Concerns about delays in the R&D cycle due to outsourced gene delivery are also becoming confounded by IP issues.  Personally, I am certainly not thrilled about sending my protein designs around via email, and I know of another SB company (which again I am not at liberty to name) that is becoming less and less comfortable with sending sequences for new genetic circuits out the door in electronic form.  This can only be exacerbated by the deal Codon Devices has just signed with Agrivida, an explicit competitor to anybody trying to produce anything in hacked/engineered organisms.  A couple of months ago, I had a conversation with Brian Baynes (which I will post here sometime soon) in which he outlined Codon's plans for participating in markets beyond gene synthesis.  I suspect Codon Devices will have to start paying more and more attention to conflict of interest issues generated by its simultaneous role as a fabrication house and provider of design services.

I'll argue again that the two trends of IP concerns and R&D time scales will drive the emergence of a market in desktop gene synthesis machines, whether you call them "desktop gene printers" or  something else.  This weekend at SciFoo, Drew Endy suggested such instruments are a long ways off.  Drew has been paying more attention to the specific engineering details of this than I have, if for no other reason that his involvement in Codon, but, in addition to my own work, I think that there are enough technological bits and pieces already demonstrated in the literature that we could see a desktop instrument sooner rather than later; that is, if a market truly exists. 

Environmental Effects of Growing Energy Crops

News this week that the dead zone in the Gulf of Mexico, caused by agricultural run-off from the mid-west, is again this year going to be quite large.

There is some disagreement about exactly how large.  A article from Minnesota Public Radio leads off with: "A scientist with the National Oceanic and Atmospheric Administration, NOAA, says this summer's dead zone could be as large as 8500 square miles. That's 77 percent larger than the average size of the dead zone over the last two decades."

The article continues:

The issue of nitrogen is especially important this year because it's the main fertilizer used on the nation's corn crop.

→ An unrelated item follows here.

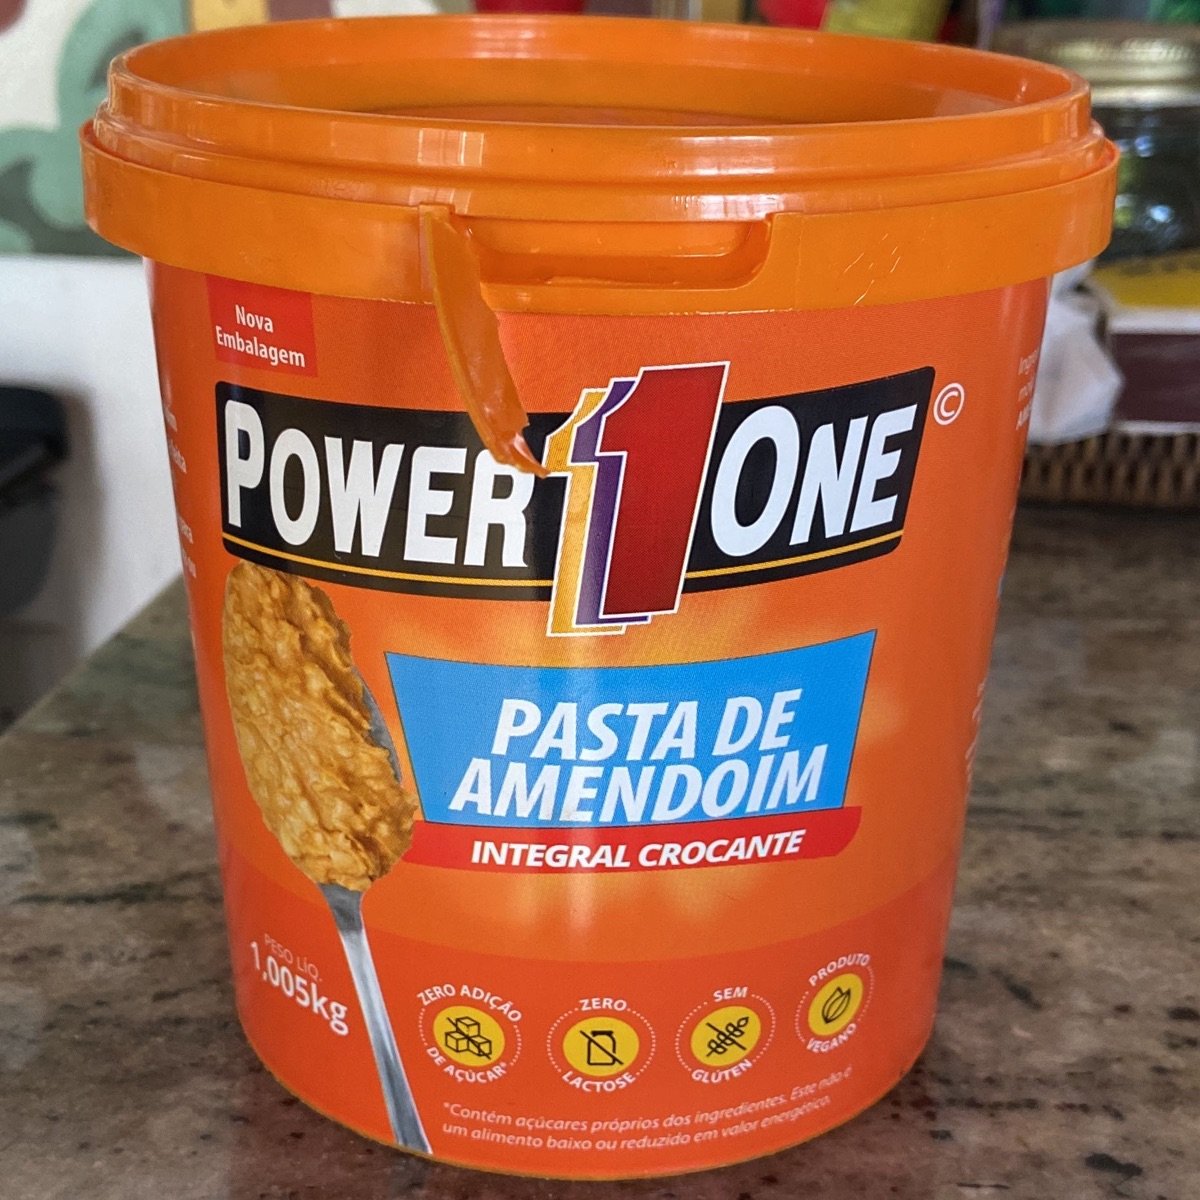 Power1one Pasta de amendoim integral crocante Review
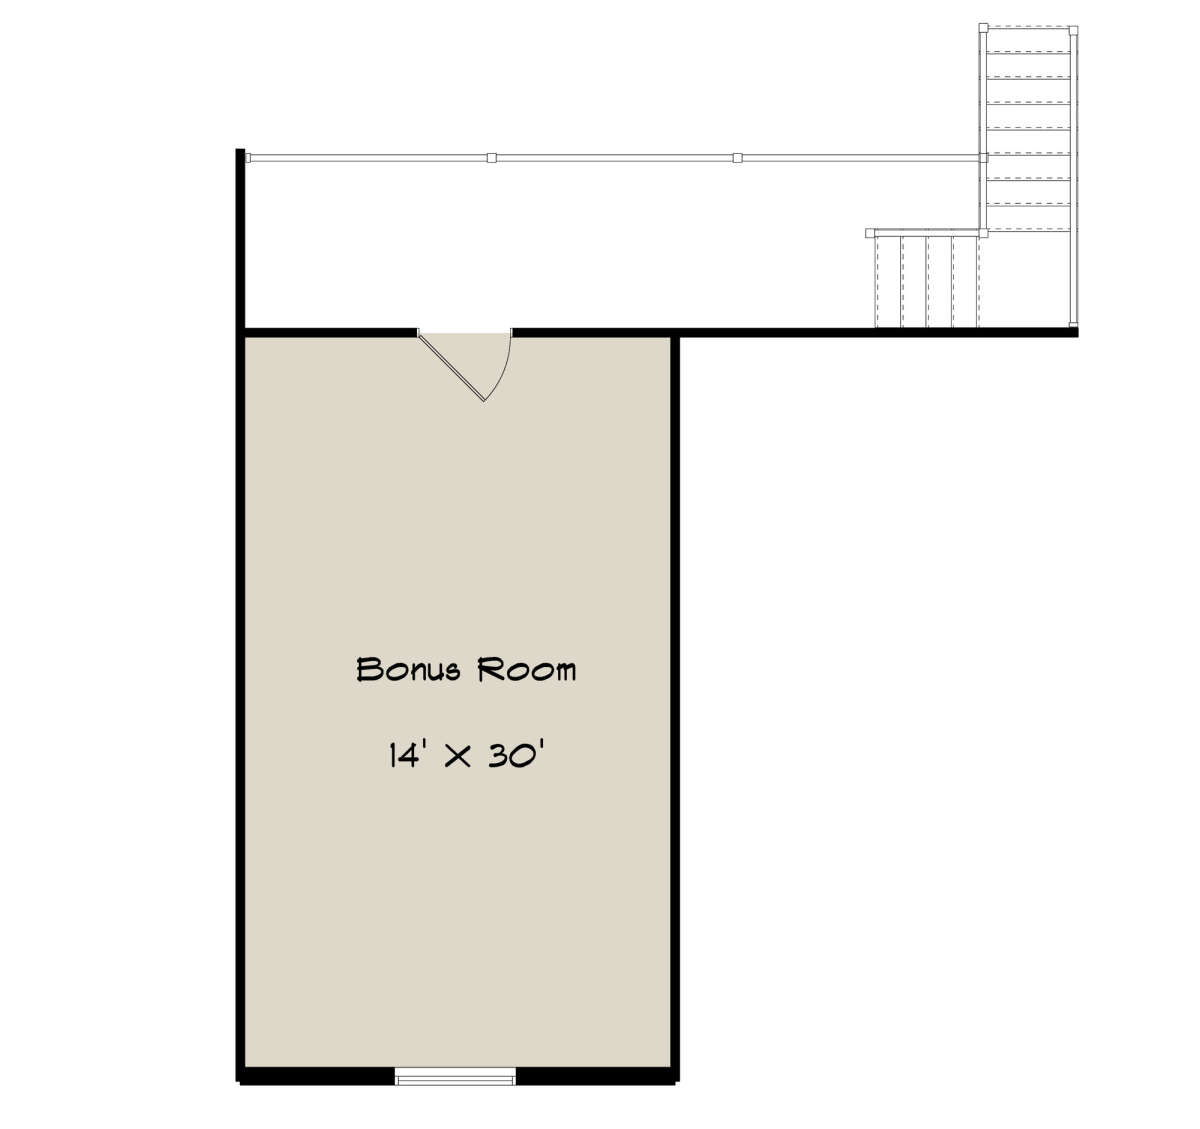 Bonus Room for House Plan #2802-00114

U.S. farmers this spring planted one of their largest corn crops ever, up almost 20 percent from a year ago. Much of the increase will go to meet the demands of the ethanol industry.

Runoff from farm fields carries nitrogen into streams and rivers and eventually the Gulf of Mexico. NOAA's David Whitall says the corn-biofuels-dead zone link is one area researchers will examine as they search for answers.

...One federal study says if ethanol production continues to expand, nitrogen loads to the Gulf could increase another 30 percent.

At CNN, on the other hand, the size of the dead zone is portrayed somewhat differently:

The oxygen-poor "dead zone" off the Louisiana and Texas coasts isn't quite as big as predicted this year, but it is still the third-largest ever mapped, a scientist said Saturday.

...The 7,900-square-mile area with almost no oxygen, a condition called hypoxia, is about the size of Connecticut and Delaware together. The Louisiana-Texas dead zone is the world's second-largest hypoxic area, she said.

This year's is about 7.5 percent smaller than [had been] predicted, judging by nitrogen content in the Mississippi River watershed.

[Previous predictions were] about 8,540 square miles, which would have made it the largest measured in at least 22 years. More storms than normal may have reduced hypoxia by keeping the waters roiled.

No mention at CNN of any role any role in the dead zone of biofuels.  The difference between the numbers cited by the two sources is less than 5%, which probably isn't a big deal, especially give then fact that neither article cites error bars.  But there is a difference in focus.  On the one hand, the dead zone is bigger than ever, on the other, not so bad.  Corn acres are certainly up in the U.S., and the effects of the consequent increase in irrigation and fertilizer use is something to keep an eye on.